Везим отвернулся и начал править лезвие топора. Брак промолчал, а фальдиец едва заметно поморщился.
– Представь себе картину, друг, – принялся вещать Кандар, даже привстав ради этого с кресла, – В Подречье с небес спускается цеп. Большой такой, величественный. Или приплывает горжа, куда менее величественная, но тоже большая. Или даже крохотная лодочка с парой охотников, груженная головами тех самых фелинтов. И какая же картина откроется их изумленным глазам, когда они подберутся поближе?
Сероглазый патетично взмахнул руками и сделал большие глаза.
– Поселок сожжен, повсюду трупы, на берегу следы большого плота. А частокол, земля и чудом уцелевшие дома изрешечены из какого-то тяжелого оружия, подозрительно похожего на скраппер.
– Хватит паясничать, Кандар, – нахмурился Раскон, – Они прекрасно все поняли.
Судя по недоумевающему виду братьев, зерно истины в последнем утверждении отсутствовало, но уточнять они постеснялись. Младший вновь принялся терзать хорпу, а старший затянул какую-то донельзя унылую и протяжную балладу про неразделенную любовь, догорающую горжу и невероятно долгую смерть от удара ножом в живот.
– Починимся, заполним баки и уйдем на юг, – вслух размышлял Раскон. – Так многие по осени делают, вопросов не будет. Там отсидимся с месяц и вернемся с первыми льдами. Как раз с поселков начнут возвращаться люди, всем точно будет не до нас. Да и за месяц всякое может случиться, особенно, если эта зараза распространилась по всему западу… Не вовремя, конечно. Как же невовремя. Хотя…
– А как же твои слова о том, что умный человек сможет этим воспользоваться?

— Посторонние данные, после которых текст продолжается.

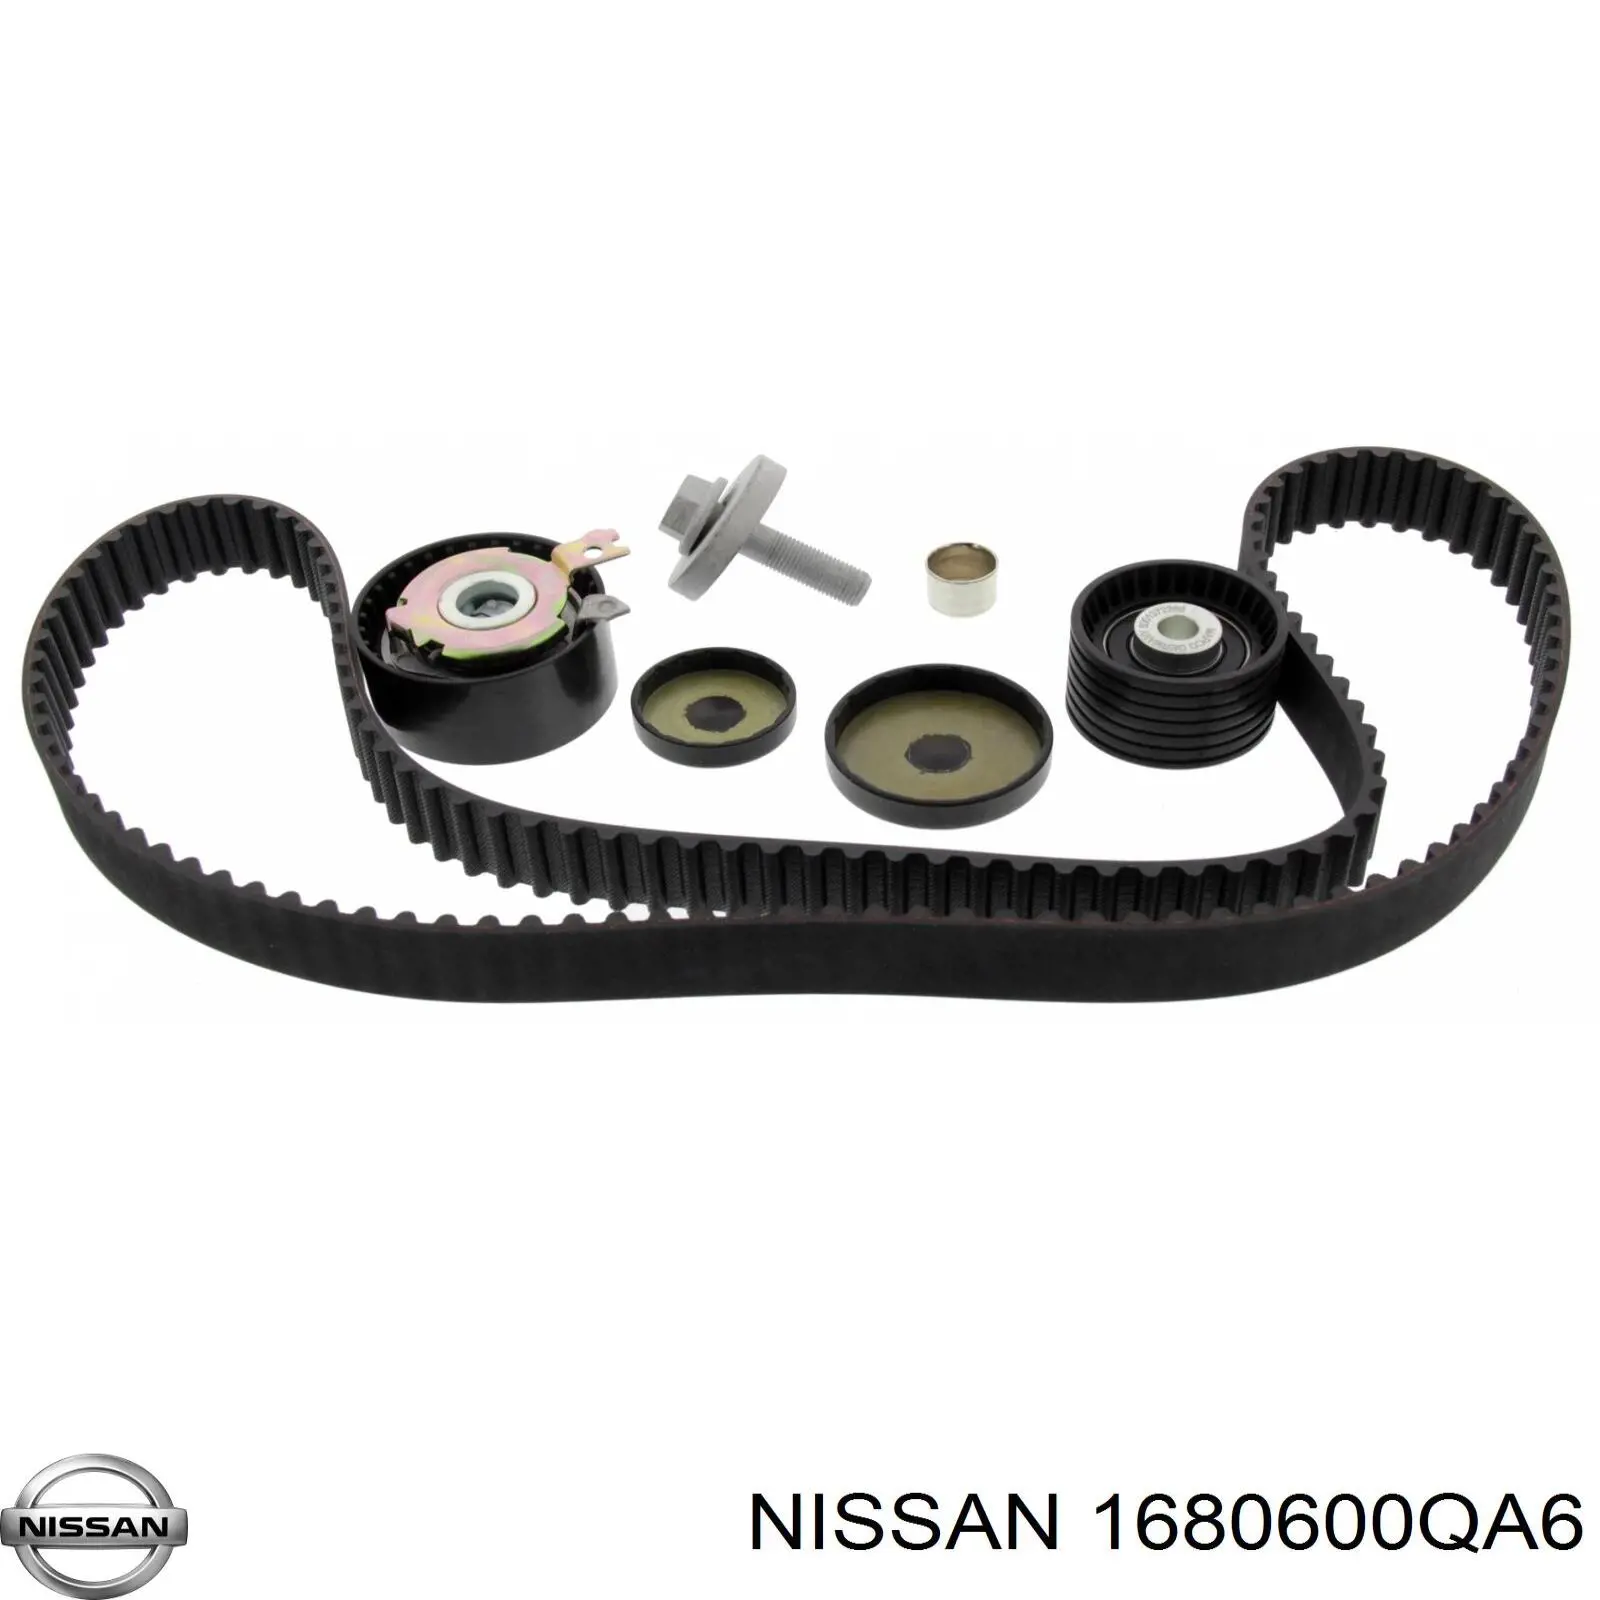 1680600QA6 Nissan kit de correa de distribución

Выяснить причины, что там еще было? – с любопытством спросил внимательно слушающий его Кандар. – А вместо этого мы драпаем на юг, кормить москитов и крутить хвосты крокодилам?
– Одно другому не мешает, – возразил Раскон. – А насчет причин…. Гхм. Брак, можно глянуть на твой нож?
Озадаченный вопросом калека пожал плечами, но протянул клинок фальдийцу. Тот покрутил его в руках, с особым вниманием изучив серебристый шарик на торце, после чего вернул нож обратно.
– Ты спрашивал, почему меня не волнуют мертвецы? Как раз поэтому. Один хороший удар в затылок – и все. Неожиданно, когда никто ничего не знает – они безусловно опасны. Наверняка в Подречье произошло что-то подобное. Кого-то зашибло бревном, потом мертвец загрыз еще кого-нибудь…
– Шарк.
– Гхм. Потом шарк загрыз еще кого-нибудь, паника, неверие… К тому моменту, когда в происходящем более-менее разобрались, на ногах остались немногие. И даже они без особых проблем смогли бы отбиться, будь у них опыт и достаточно времени на подготовку. Поверь, Брак, если на западе можно решить проблему ударом топора по голове – это не проблема, а временная неприятность. Местные подраться любят и умеют, да и оружия здесь полно.
– Когда я бил их в затылок, они не падали, – подал голос Везим, – Дергались, твари.
– У Брака был опыт, еще там, в доме. – усмехнулся Раскон. – А еще у него был замечательный именной клинок, которыми славятся офицеры канторского воздушного флота. Не расскажешь нам, откуда он у тебя?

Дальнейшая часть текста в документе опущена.